For a good few years, Honeyfeet has been a conduit for the ideas and expressions of an exotic mixture of Manchester based musicians. Jazz? Yes, some of that! Folk? Stick that in there! Hip-hop? I thought you’d never ask! Someone once called it Folk-Hop and Barrelhouse-pop, and that’s just vague enough to make sense.
It helps that they are fronted by Ríoghnach Connolly, Real World’s newest signing and “a remarkable singer and flautist who can ease from Irish traditional influences to soul” (The Guardian).
This extraordinary band’s debut single for Wah Wah 45s, Sinner, was originally affectionately known as Boingy Squelch, after the unconventional sounds trombonist Biff Roxby used in his early demos. Ríoghnach conveys the story of a woman who never intends on staying at home “chained to the sink” – “I may be a sinner, but I’m not a slave”. In that way, the song is a rejection of outdated, traditional roles.

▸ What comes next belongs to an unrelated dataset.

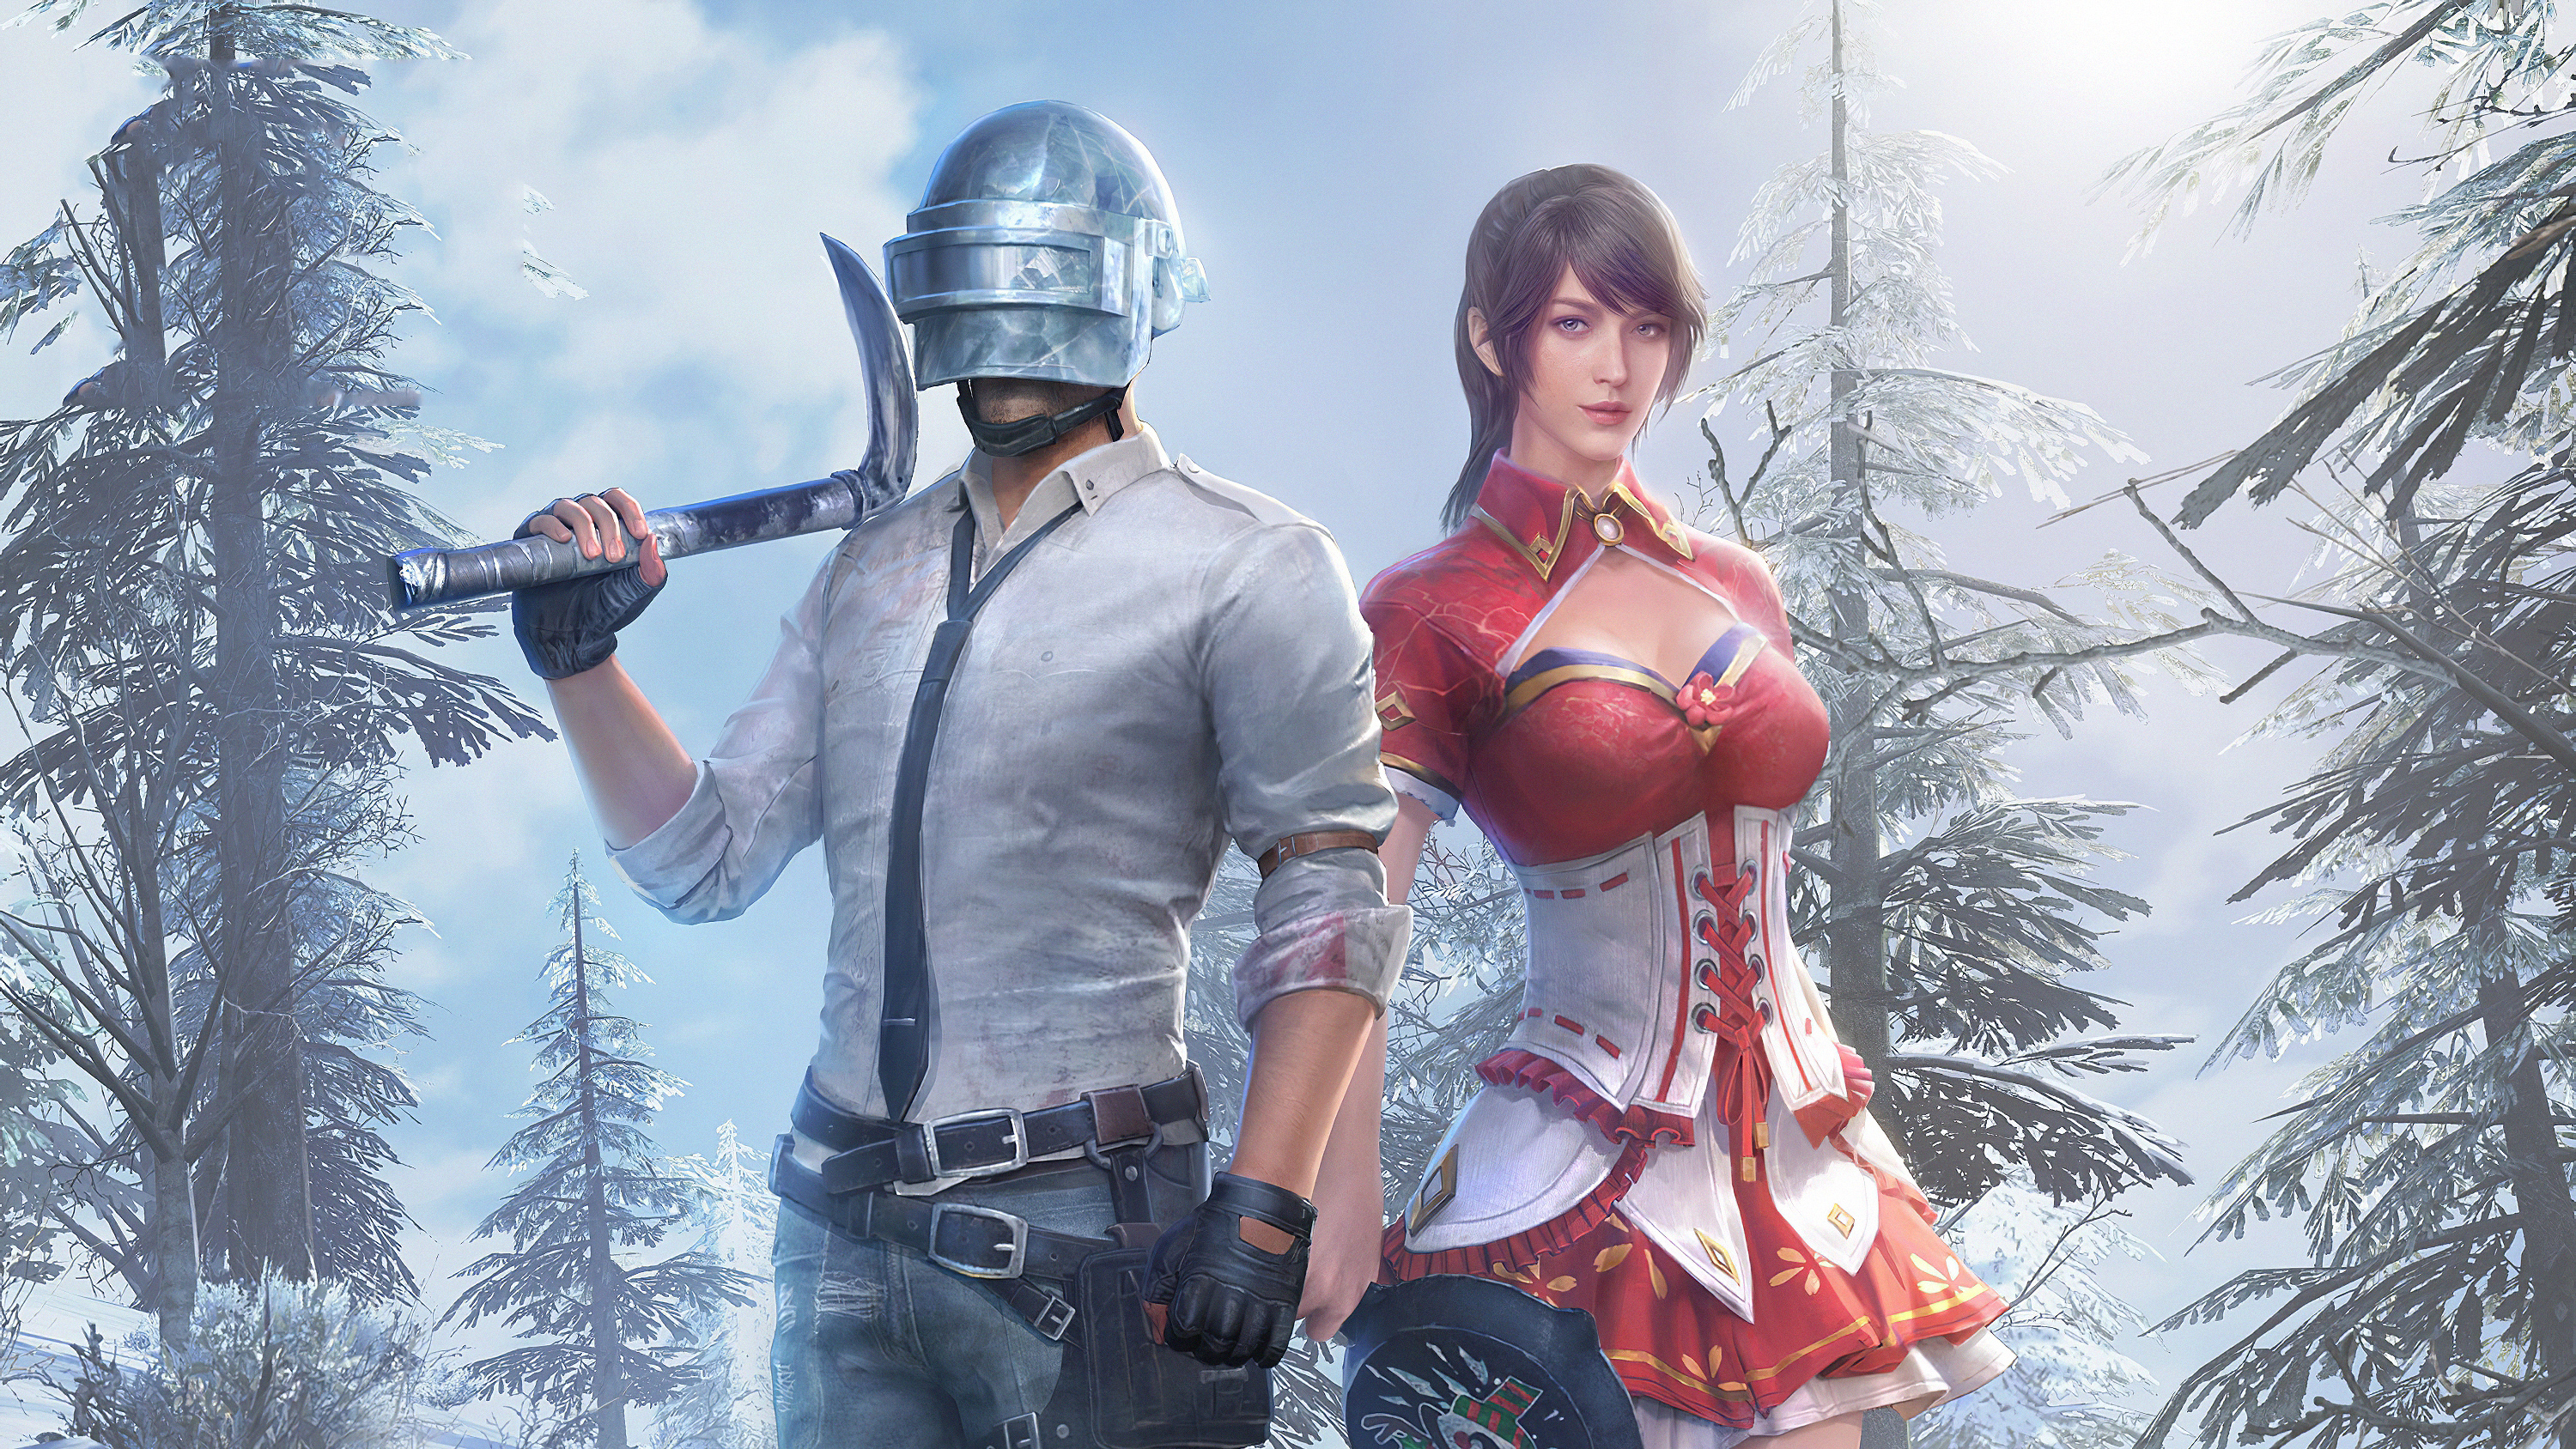 Pubg Helmet Guy With Girl, HD Games, 4k Wallpapers, Images, Backgrounds
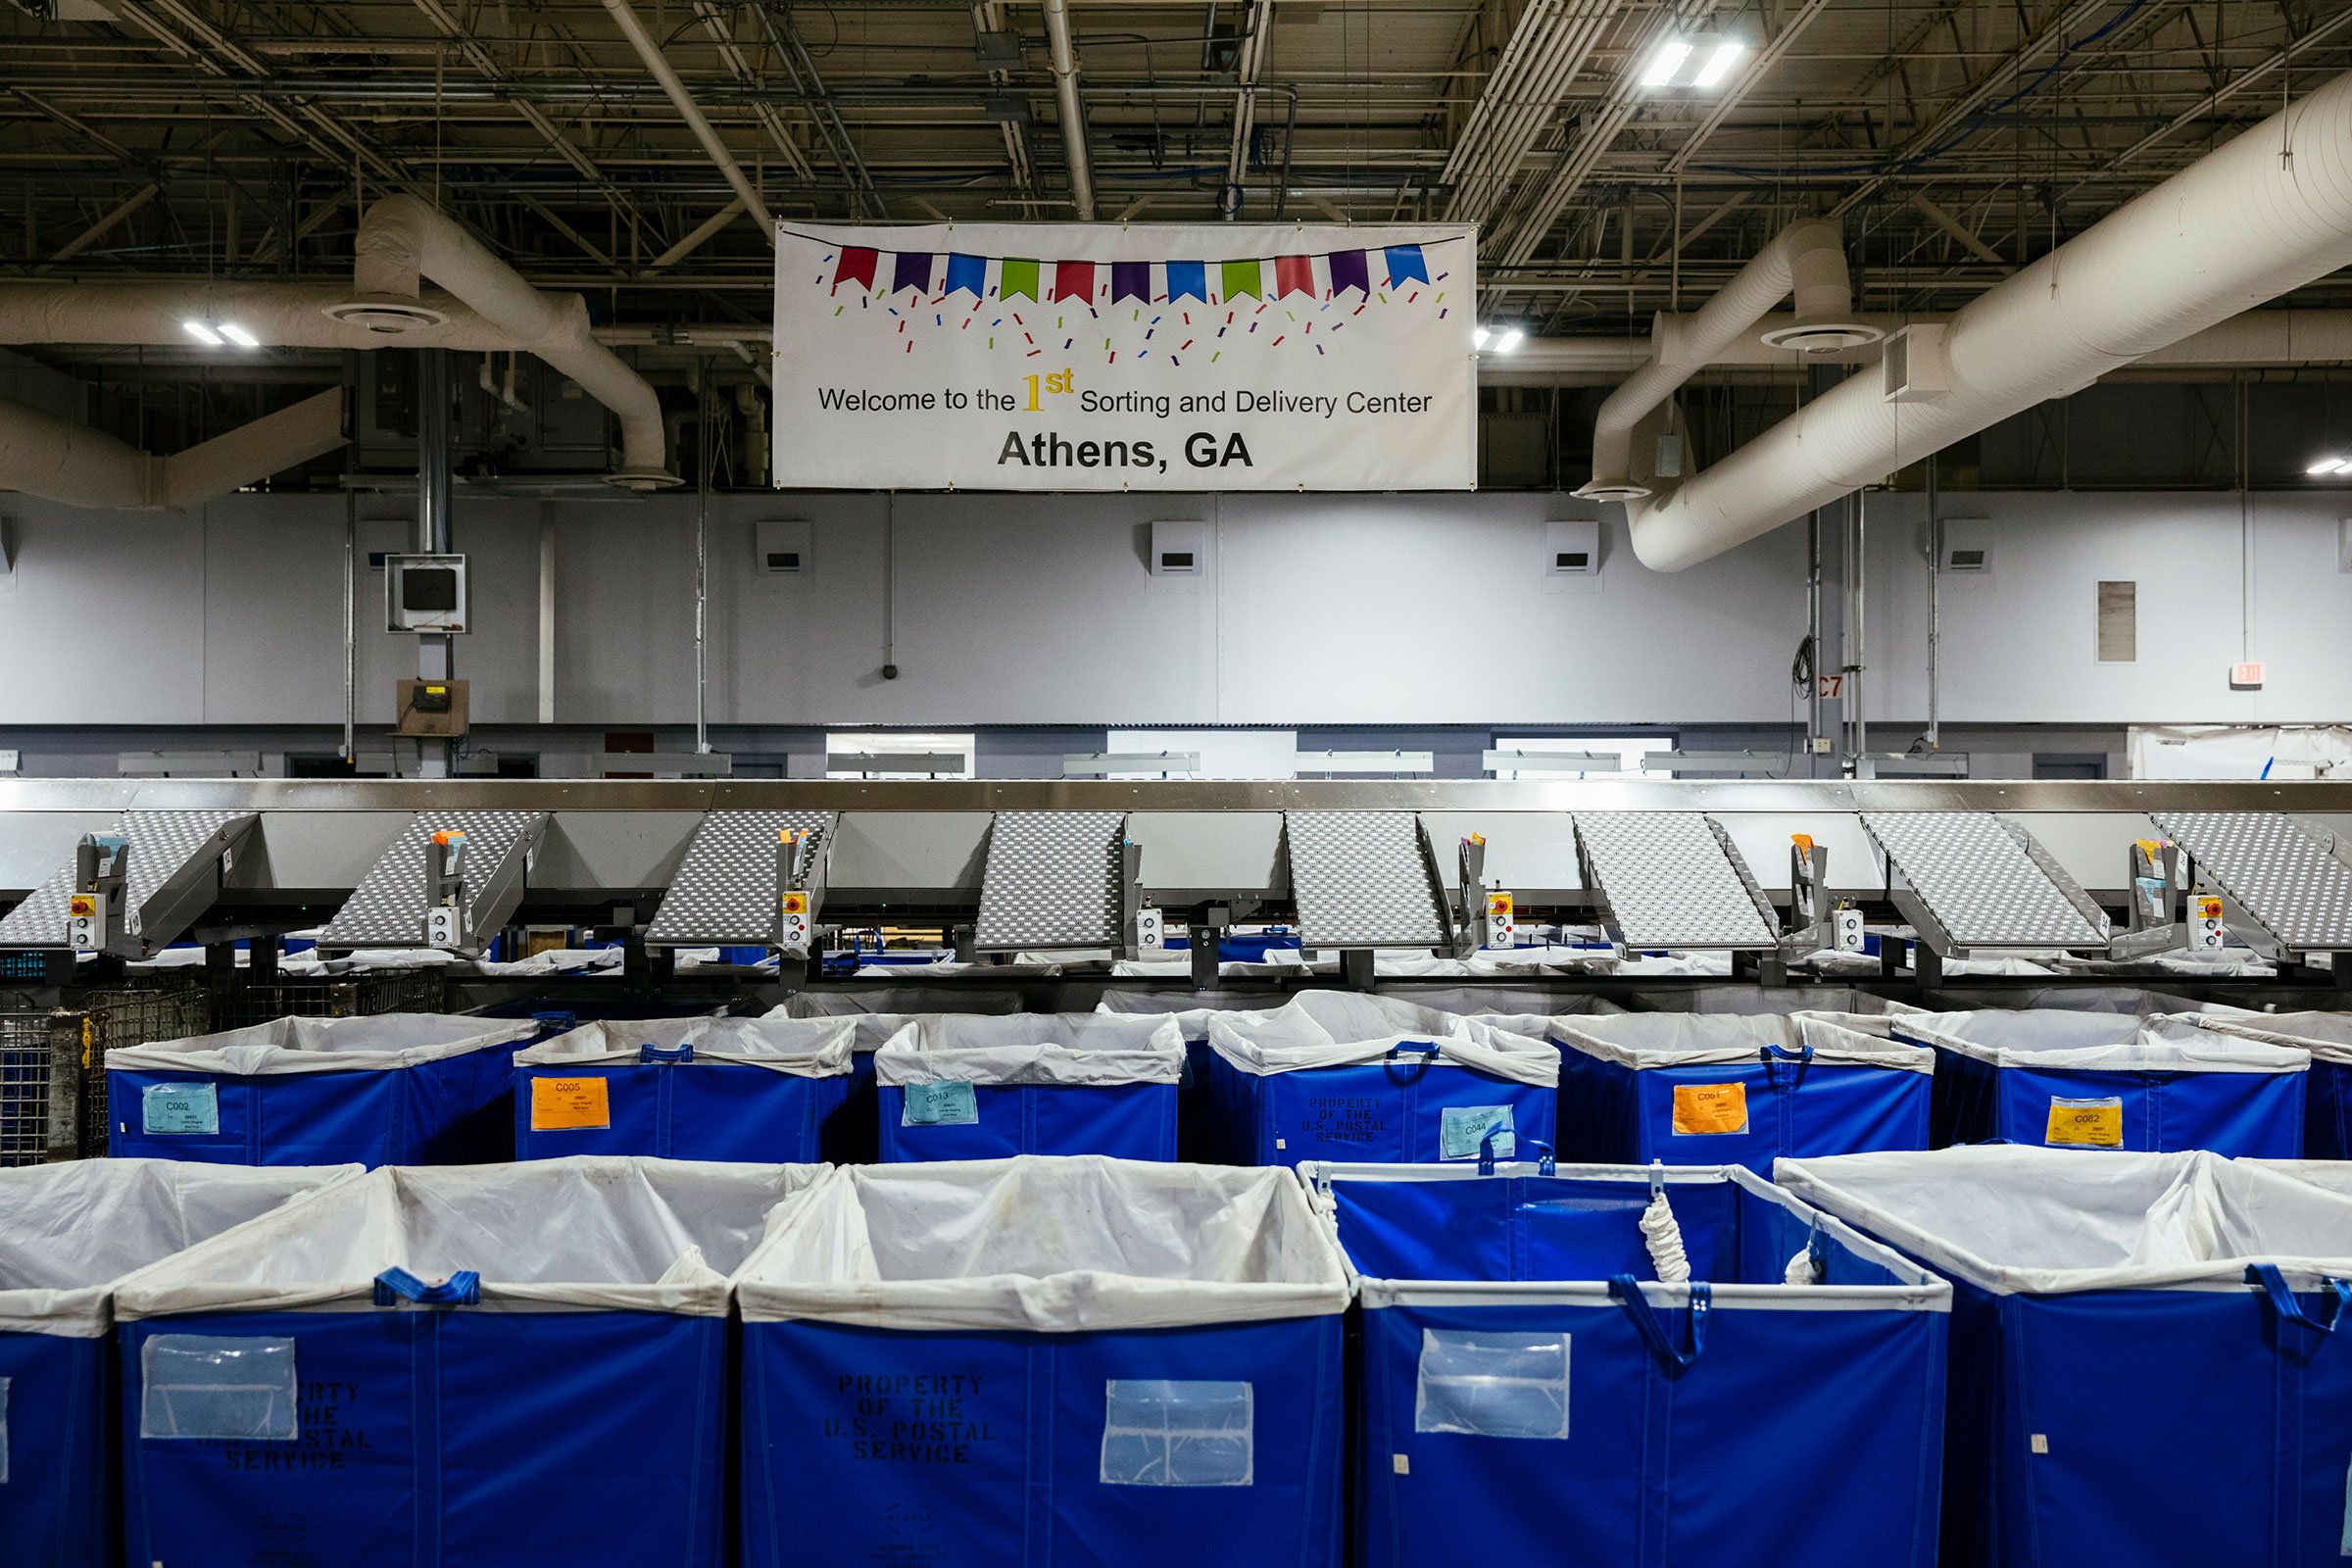 Efforts to modernize an existing mail hub has already begun at the first Sorting and Delivery Center in Athens, Georgia February 3, 2023. United States Postmaster General Louis DeJoy plans to modernize the outdated postal system.Photo by Kendrick Brinson

Since their previous album, 2013’s It’s a Good Job I Love You, keyboardist John Ellis jumped on board as full-time member, bringing his unique musical presence. This enabled the development of a more texturally adventurous style, as witnessed with the dual atonal solo between himself and guitarist Ellis Davies on Sinner. Similarly, for their next LP, Orange Whip, engineer, bassist and spiritual guide Lorien Edwards makes his Honeyfeet recording debut, so completing the “kitchen” of this very special band.